Insights from Basilisk: Are Open-Source EDA Tools Ready for a Multi-Million-Gate, Linux-Booting RV64 SoC Design?
Designing complex, multi-million-gate application-specific integrated circuits requires robust and mature electronic design automation (EDA) tools. We describe our efforts in enhancing the open-source Yosys+Openroad EDA flow to implement Basilisk, a fully open-source, Linux-booting RV64GC system-on-chip (SoC) design. We analyze the quality-of-results impact of our enhancements to synthesis tools, interfaces between EDA tools, logic optimization scripts, and a newly open-sourced library of optimized arithmetic macro-operators. We also introduce a streamlined physical design flow with an improved power grid and cell placement integration. Our Basilisk SoC design was taped out in IHP’s open 130 nm technology. It achieves an operating frequency of 77 MHz (51 logic levels) under typical conditions, a 2.3x improvement compared to the baseline open-source EDA flow, while also reducing logic area by 1.6x. Furthermore, tool runtime was reduced by 2.5x, and peak RAM usage decreased by 2.9x. Through collaboration with EDA tool developers and domain experts, Basilisk establishes solid"proof of existence"for a fully open-source EDA flow used in designing a competitive multi-million-gate digital SoC.
💡 Research Summary
The paper presents a comprehensive case study of extending and refining the open‑source Yosys + OpenROAD flow to design, tape‑out, and successfully fabricate a Linux‑bootable RV64GC system‑on‑chip named Basilisk in IHP’s open 130 nm process. Starting from the previously released Iguana flow, the authors identify several critical bottlenecks that prevent open‑source tools from handling multi‑million‑gate designs with competitive quality‑of‑results (QoR).
First, the RTL of the underlying Cheshire SoC is written in full‑featured SystemVerilog, which Yosys cannot directly ingest. The authors therefore construct a preprocessing pipeline (Bender → Morty → SVase → SV2V) that resolves dependencies, flattens the hierarchy, propagates parameters, and finally converts the code into plain Verilog. This step preserves the original design intent while making it compatible with the synthesis engine.
Second, they address an inefficiency in Yosys’s handling of part‑select operations. By default, Yosys elaborates these selects into generic barrel‑shifter cells ($shiftx), which generate large, unnecessary logic and increase the critical path depth. The authors implement a new optimization pass that detects constant strides in shift operations, rewrites them as block multiplexers, and pads inputs to the next power‑of‑two. This reduces logic area by roughly 22 % and shrinks the longest path from 182 to 51 logic levels, enabling a frequency increase from 33 MHz to 77 MHz.

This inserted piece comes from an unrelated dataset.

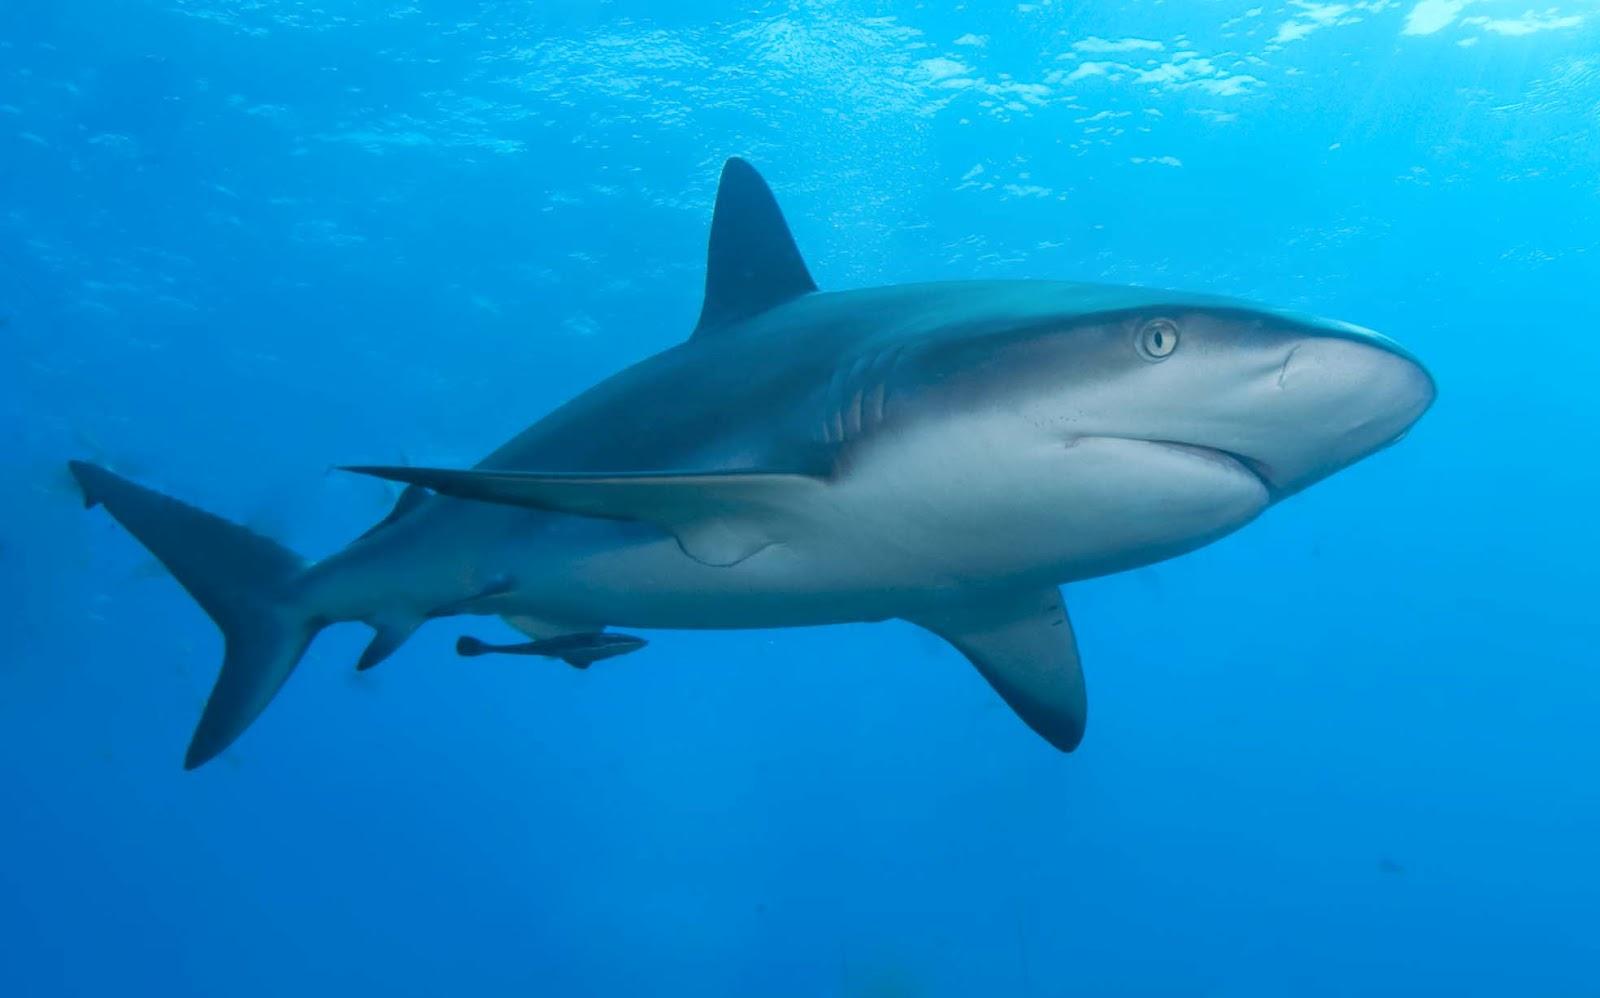 Shark fish the wildlife carribbeanreefshark altavistaventures Choice Image

Third, the paper overhauls the internal ABC script used for technology mapping. Leveraging the “Lazy‑Man Synthesis” (LMS) technique, they pre‑generate a library of optimal six‑input cut records and extend it with cuts derived from Basilisk itself. During synthesis, the netlist is partitioned into cuts, matched against the record library, and replaced with the best‑found structures. This yields a 2.5× reduction in synthesis runtime (from 5.4 h to 2.2 h) and a 2.9× reduction in peak RAM (from 217 GB to 75 GB).
In the physical design stage, the authors improve OpenROAD’s power‑grid generation and placement scripts, integrating the newly open‑sourced arithmetic macro‑operator library. The enhanced power grid minimizes IR‑drop while keeping area overhead low, and the placement flow better respects macro constraints, resulting in a zero‑DRC final layout.

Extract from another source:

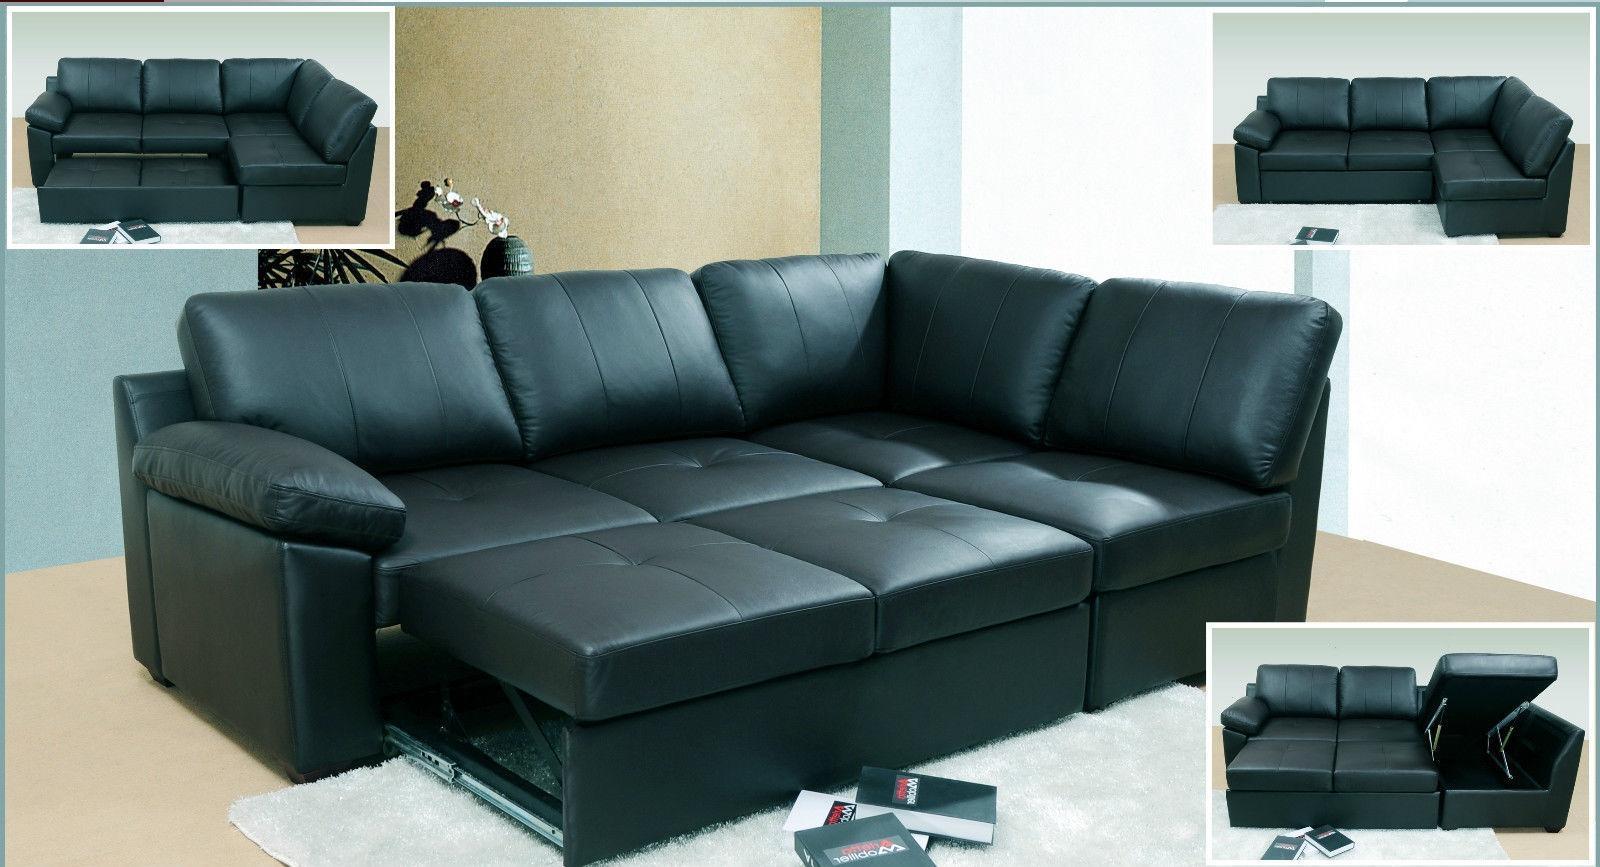 Black Leather Corner Sofa Bed With Storage • Leather Sofa Within Leather Storage Sofas (View 15 of 21)

The final silicon demonstrates a 77 MHz operating frequency (51 logic levels), a logic area of 1.1 MGE (down from 1.8 MGE), and a 30 % reduction in power consumption compared with the baseline. Overall, the flow achieves a 2.3× frequency improvement, 1.6× area reduction, 2.5× faster synthesis, and 2.9× lower memory usage.

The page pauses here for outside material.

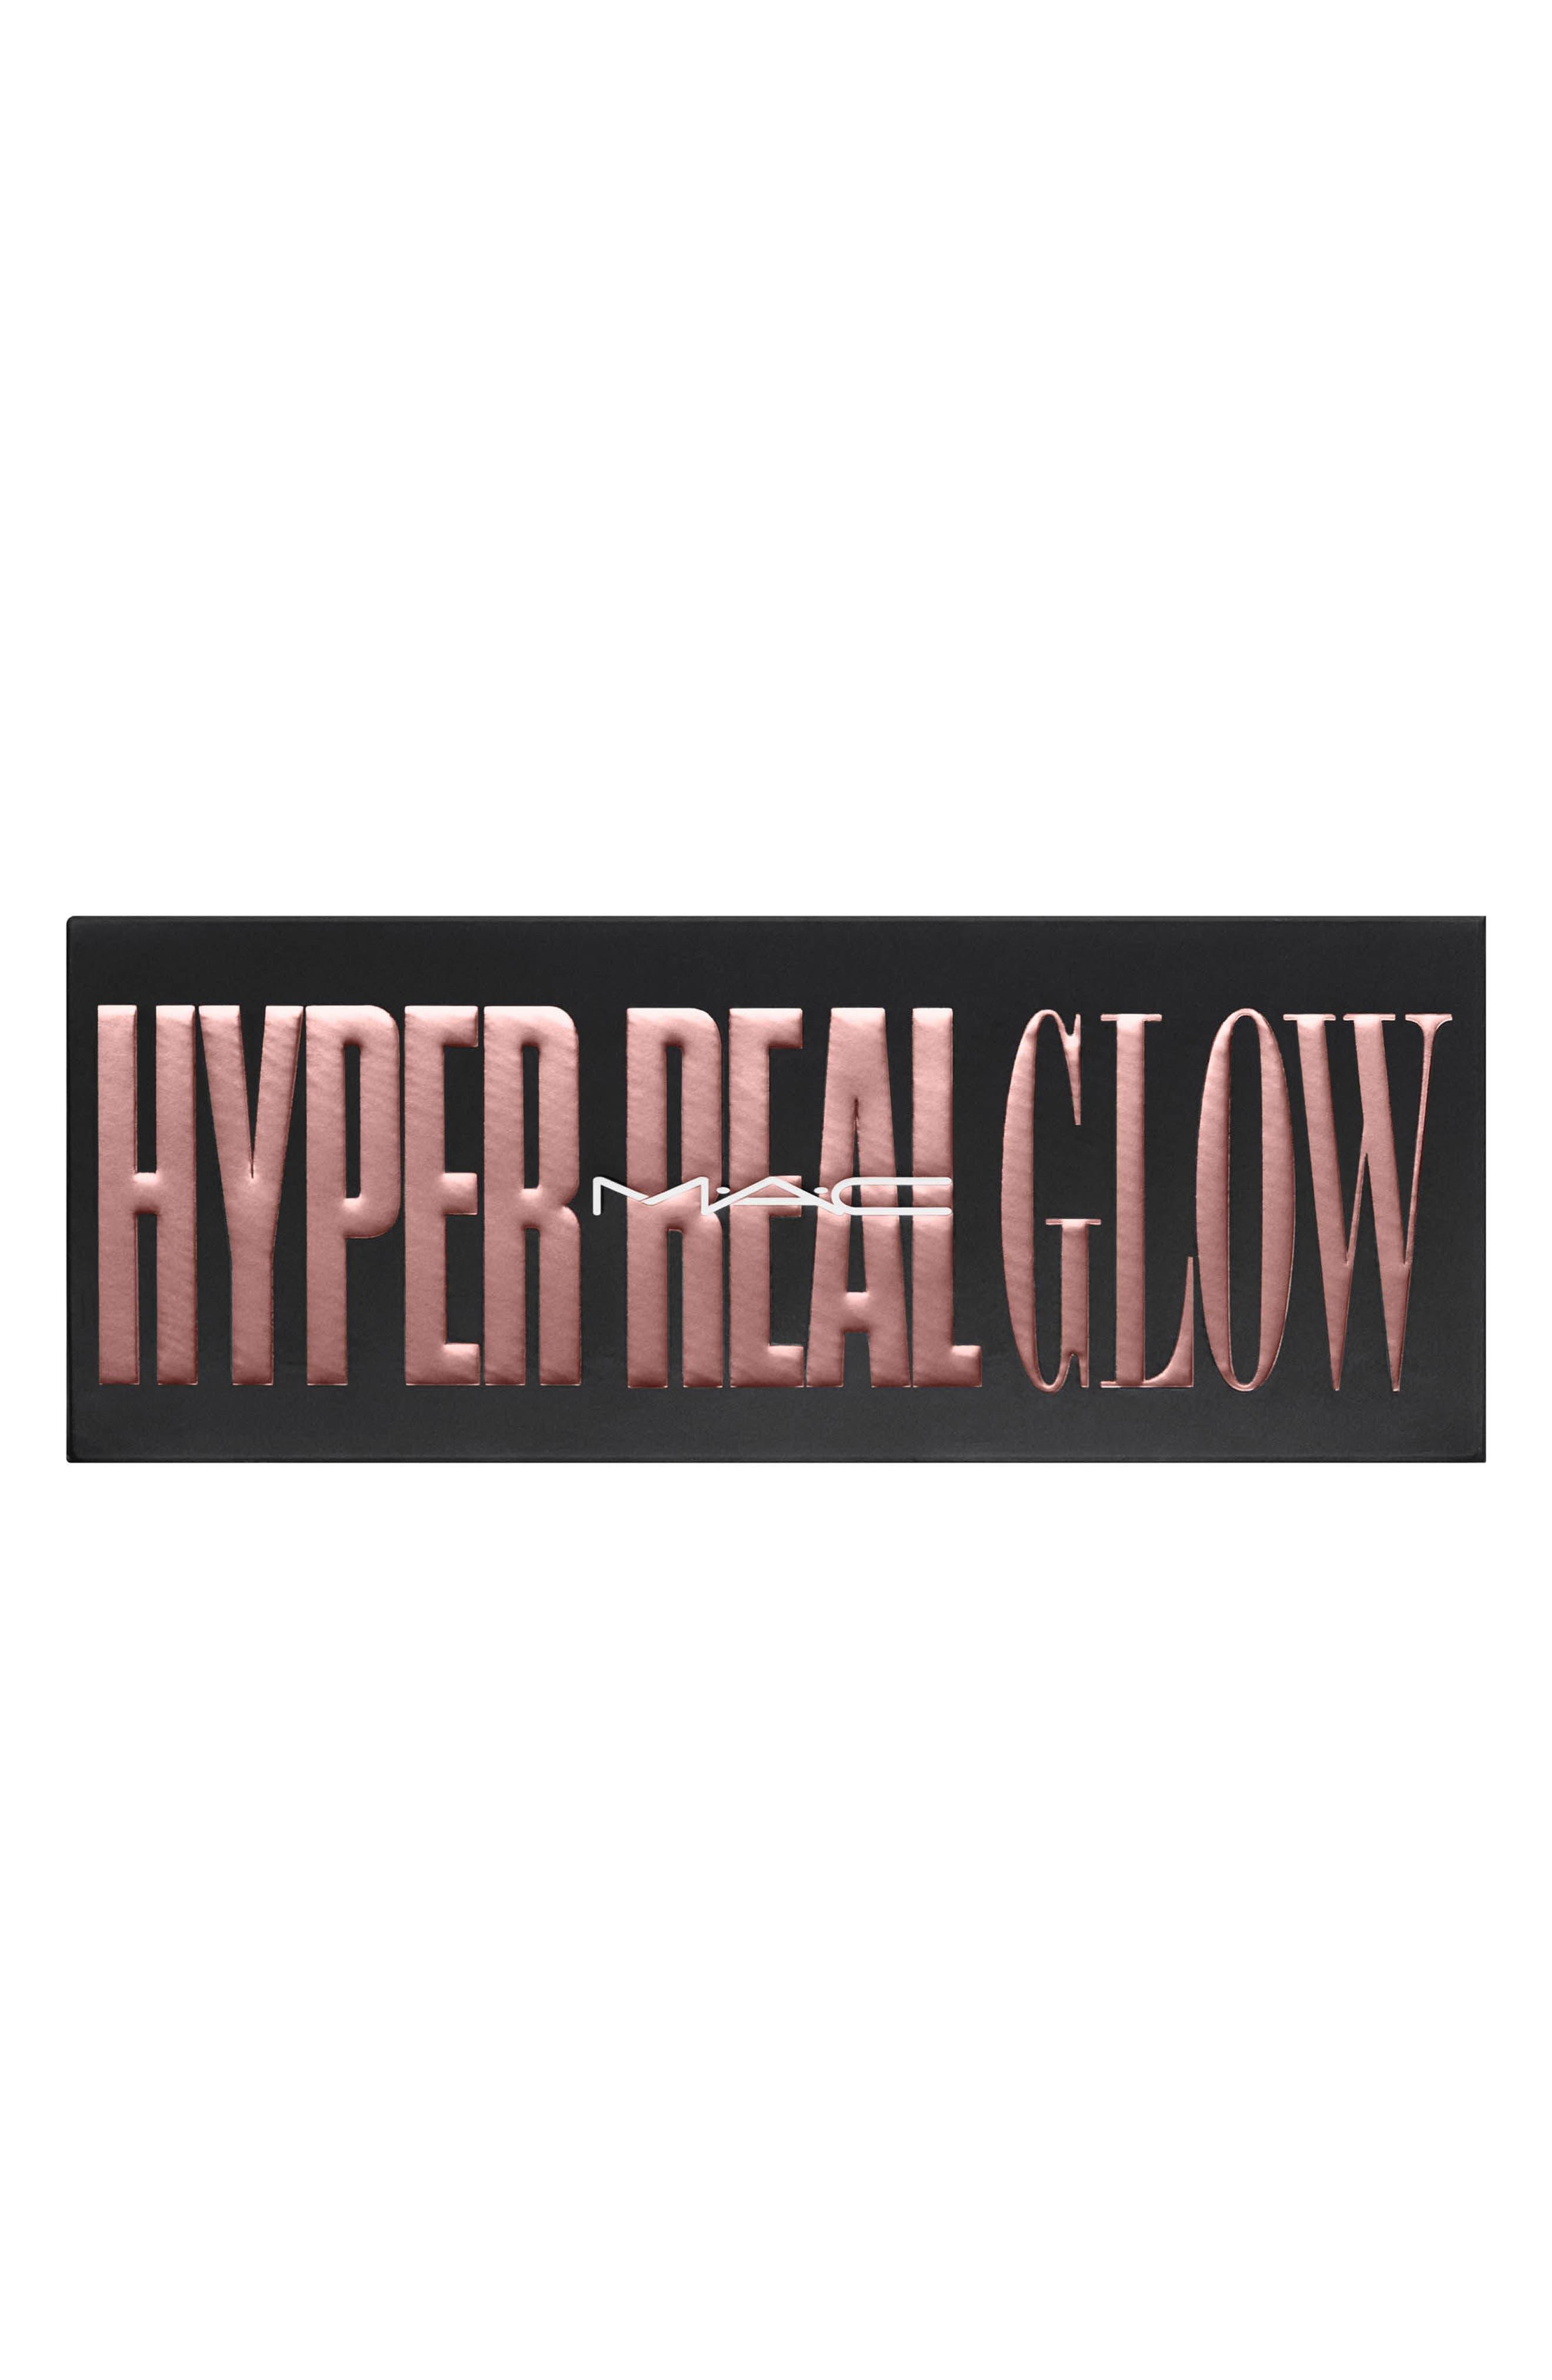 MAC Hyper Real Glow Palette,                             Alternate thumbnail 5, color,                             Flash Awe

The authors list five concrete contributions: (1) an extensive QoR study of the state‑of‑the‑art open‑source flow, (2) the release of a hand‑optimized arithmetic macro library, (3) a human‑in‑the‑loop (HITL) methodology that keeps the flow transparent and tunable, (4) the first end‑to‑end open‑source Linux‑capable ASIC implemented in a real foundry, and (5) a set of benchmarks (including a floating‑point unit and CVA6 scoreboard) for the community to further push open‑source EDA tools.
In summary, the work convincingly shows that with targeted enhancements—particularly in RTL preprocessing, synthesis passes, ABC optimization, and physical‑design integration—open‑source EDA tools can meet the demands of multi‑million‑gate, high‑performance SoC projects. The demonstrated improvements are likely transferable to more advanced nodes (e.g., 65 nm and below) and set a solid foundation for future collaborative development of fully open silicon design flows.